First of all, the cost to taxpayers. Yes, there is a cost. What that number is however, isn't quite as clear. What was provided above (roughly $100billion after factoring in taxes paid) is pretty much the highest estimate out there. Other estimates range from $6billion to $50billion to $85billion (after roughly adjusting for population changes). So yeah, there is a cost, but I'd say an average estimate would be closer to $70billion than $130billion.
Next comes unemployment. The typical logic is that immigrants take jobs, but that isn't factoring in the demand they create. Because of this, the impact on unemployment is basically null.
Finally, wages. Again, the effect isn't as strong as many people think. Most studies find a small decrease in wages of the high school dropout demographic and basically no impact, or even a slightly positive impact elsewhere.
Then there are the positive effects. Most notably, illegal immigration helps keep costs down. This goes for pretty much everything from food to houses. Because of this, the spending power of American families increases, meaning their earnings go further. This leads to overall, illegal immigration largely being a wash. You have slightly higher government spending but reduced consumer costs, increasing spending power and helping businesses. Because of this, high cost efforts to reduce illegal immigration largely are harmful economically.
Sources:
http://www.politifact.com/truth-o-meter/statements/2016/sep/01/donald-trump/donald-trump-says-illegal-immigration-costs-113-bi/ - Presents numerous estimates for taxpayer cost of illegal immigration.

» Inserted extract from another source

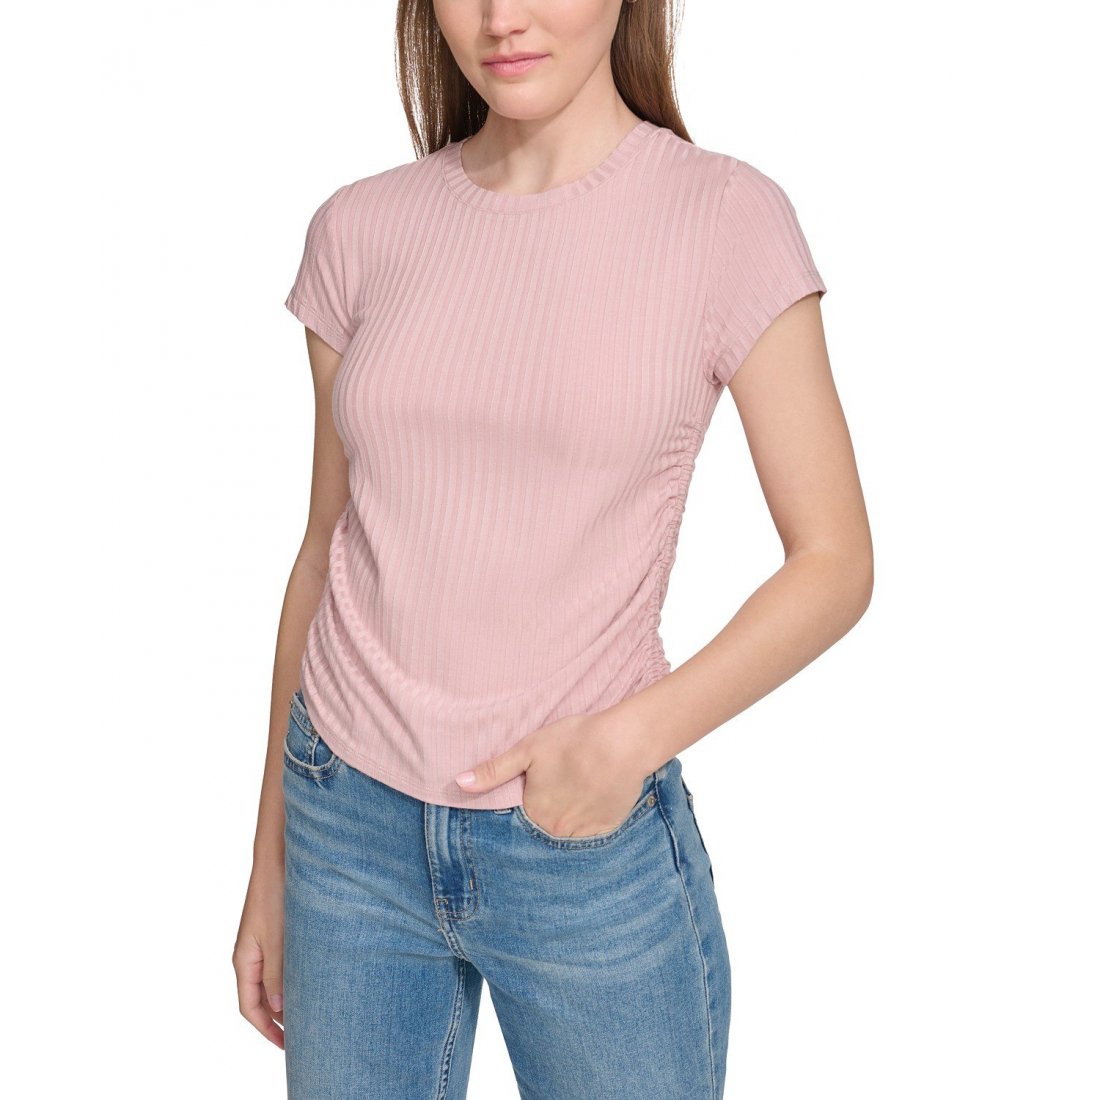 Women's 'Side-Ruched' Crop Top

https://www.brookings.edu/blog/jobs/2012/05/04/what-immigration-means-for-u-s-employment-and-wages/ - Summary from Brookings about the effects of immigration.
3) I don't have any real academic information to share about this last point, but I want to say that reducing government waste would be great. However, that needs to come before or alongside tax decreases. Decreasing taxes without also reducing unproductive government spending inflates the budget which creates longterm woes far outweighing short term gain (that information is from a CBO report somewhere but I can't remember which one and it seems like common sense so I don't think I need to source it).
4) Finally, quick note about the Laffer curve. It is a full parabola. That means just decreasing taxes doesn't necessarily increase revenue. There is a sweet spot somewhere in the middle. Proof needs to be put forward to show that decreasing taxes will increase revenue in order to use the Laffer Curve in your argument (assuming anyone puts any stock in the Laffer Curve at all).